Lobbying Groups Try To Protect Tax Free Muni Bonds

Twenty five municipal market groups representing local governments are lobbying Senate Finance Committee leaders to maintain the federal tax-exemption for municipal bonds, ensure states maintain their authority to maintain their own tax policies and enable them to boost their coffers by collecting taxes from Internet retailers. The municipal market groups also want to maintain the tax-exempt status of muni bonds, claiming they are a vital low-cost financing tool for development of infrastructure, schools and affordable housing needs.

The groups made their pleas in two separate letters sent just before Wednesday’s Senate Finance Committee hearing and how tax reform affects state and local government fiscal policy. Here is the 1st rather interesting letter.

April 23, 2012
The Honorable Max Baucus Chairman, Committee on Finance United States Senate 219 Dirksen Senate Office Building Washington, D.C. 20510

The Honorable Orrin Hatch Ranking Member, Committee on Finance United States Senate 219 Dirksen Senate Office Building Washington, D.C. 20510

Dear Chairman Baucus and Senator Hatch:

The state and local government associations and other organizations listed above representing participants involved in the municipal bond market, commend you for holding a hearing on the impact of tax reform proposals on state and local governments. Our associations look forward to testifying in future hearings as government representatives and market participants. This submission is limited to a discussion of the importance of tax-exempt bonds. We urge Congress’ continuing support and commitment to tax-exempt bond financing in recognition of the critical role it plays in the ability of state and local governments to fund national priorities, particularly infrastructure.
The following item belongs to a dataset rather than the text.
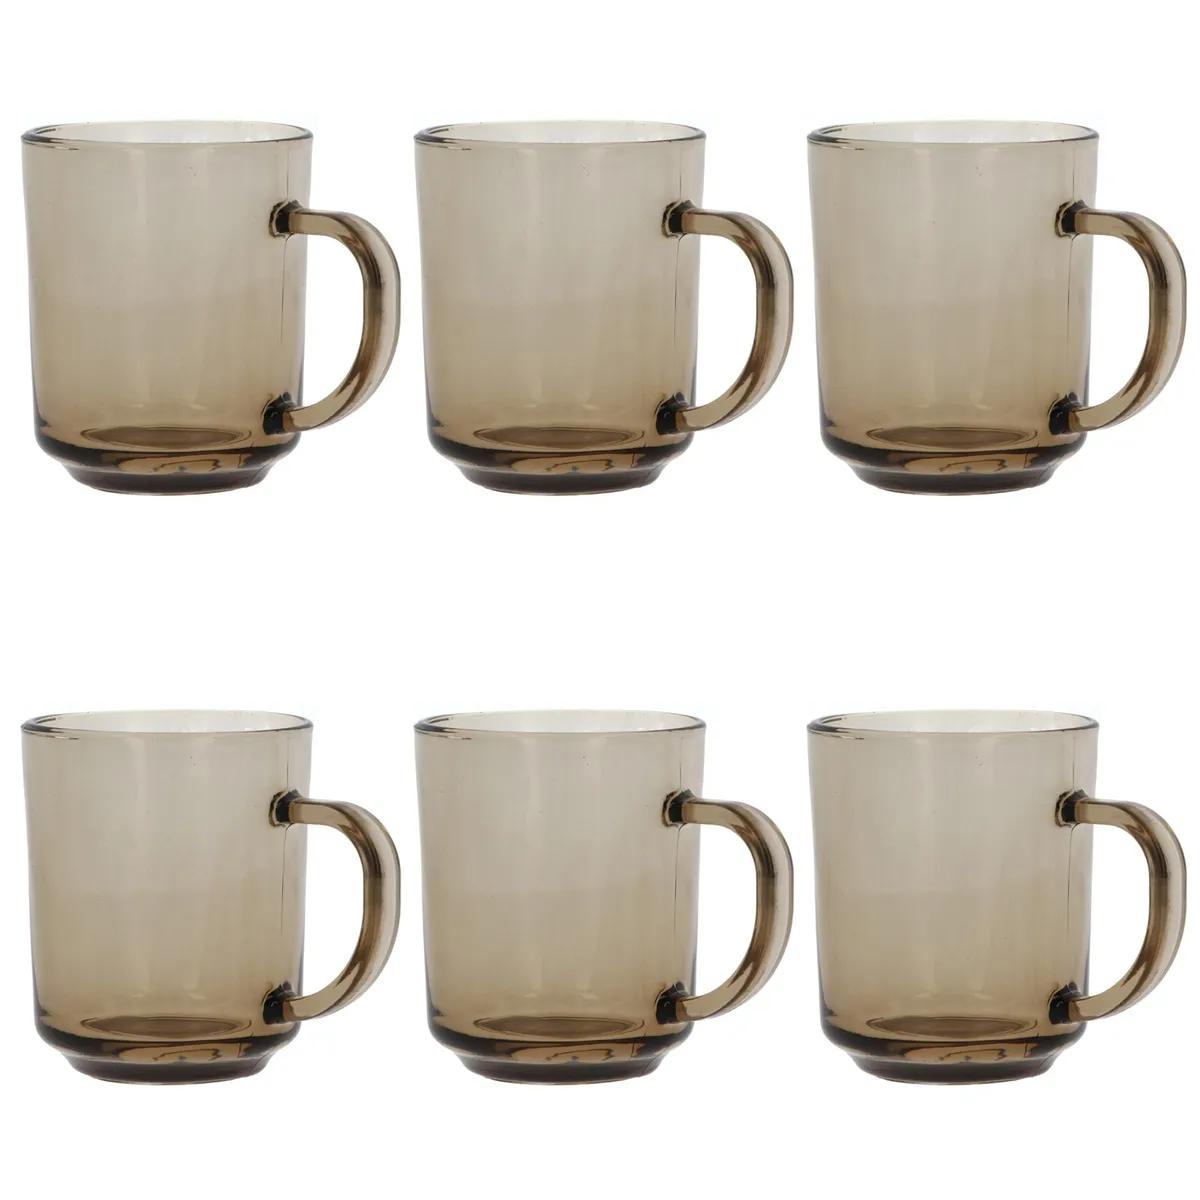 smoked glass tea cups - Are glass mugs safe for tea

Maintaining the tax-exempt status of municipal bonds is essential to help our national economy grow, create jobs, and best serve the constituencies of every community. Three-quarters of the total United States investment in infrastructure is provided by state and local governments, and tax-exempt bonds are the primary financing tool used by over 50,000 state and local governments to accomplish these infrastructure goals.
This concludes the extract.